Mais duas mulheres que entraram para a triste estatística de feminicídio no Brasil

Foto: Montagem Pensar PiauíJeniffer Capella e Selma Regina, vítimas de Feminicídio
Jeniffer Capella e Selma Regina, vítimas de Feminicídio

Jeniffer Capella do Amaral, 18, foi encontrada morta pela Polícia Civil na tarde desta quinta-feira (4) em um terreno próximo à casa do seu namorado, na Baixada Fluminense. Ela estava desaparecida havia 15 dias. Segundo a família da vítima, o namorado confessou o feminicídio à polícia.
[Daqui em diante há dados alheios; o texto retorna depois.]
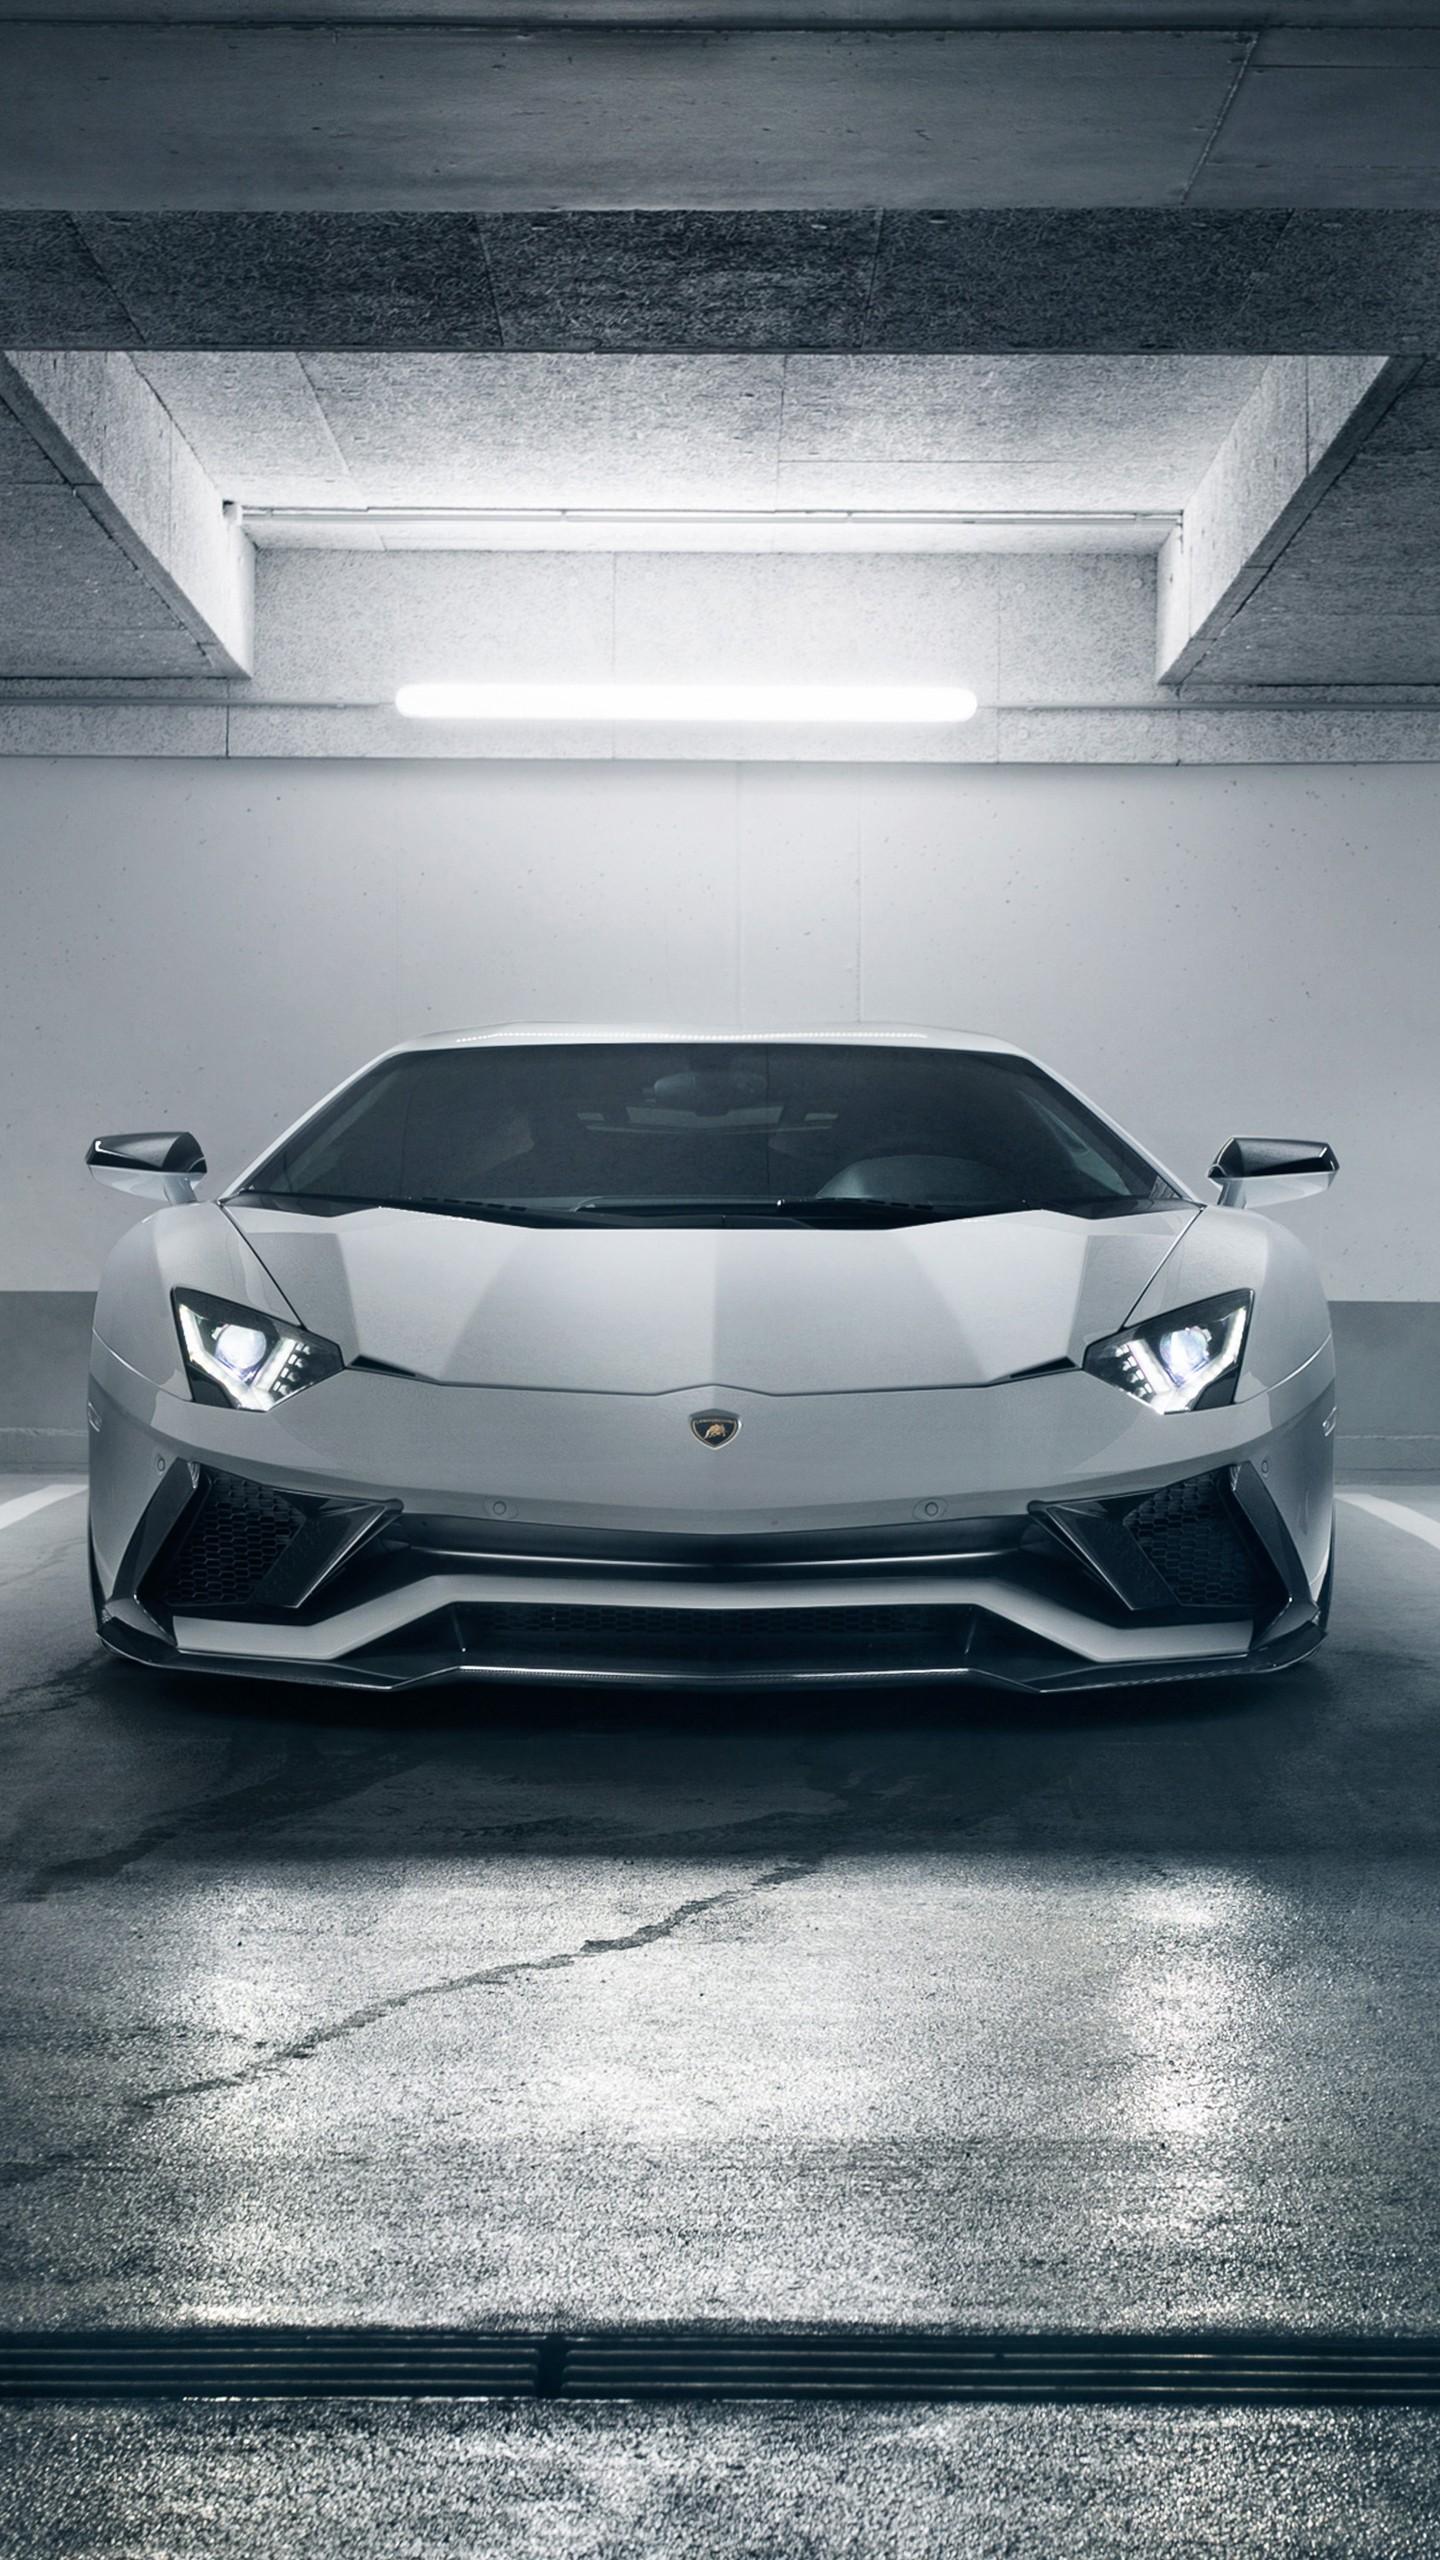 Lamborghini Aventador S 2018 4k Wallpapers

Jeniffer saiu de casa no último dia 21 em um carro de aplicativo. As investigações mostraram que a jovem tinha como destino a casa do namorado. Ela não fez mais contato com a família.

Segundo o padrasto da jovem, Jonas de Santana, o casal havia terminado o namoro no fim de 2018 e a família não sabia que eles tinham voltado a se encontrar.

“Ela tinha engravidado dele em 2018, mas ele não quis assumir o bebê, disse que era muito novo. Aí, eles terminaram, ela acabou perdendo o bebê. Até isso tudo acontecer, não tínhamos nada contra ele. Ficamos surpresos ao saber que ela tinha ido encontrá-lo“, disse o padrasto. “Nem sonhava com isso. A polícia nos mostrou as conversas no Instagram deles dois. Não sabíamos que eles haviam voltado.”

Jonas diz ainda que a polícia chegou até o namorado após identificar o motorista do aplicativo responsável pela corrida de Jeniffer. Durante as investigações, os parentes afirmaram que não havia motivo para Jennifer fugir ou desaparecer espontaneamente de casa.

O caso ocorreu em Magé (RJ) e foi encaminhado para o núcleo de descobertas de paradeiros da Delegacia de Homicídios da Baixada Fluminense (DHBF). Procurada, a Polícia Civil do Rio confirmou que o corpo foi localizado e disse que as investigações sobre o caso continuam em andamento.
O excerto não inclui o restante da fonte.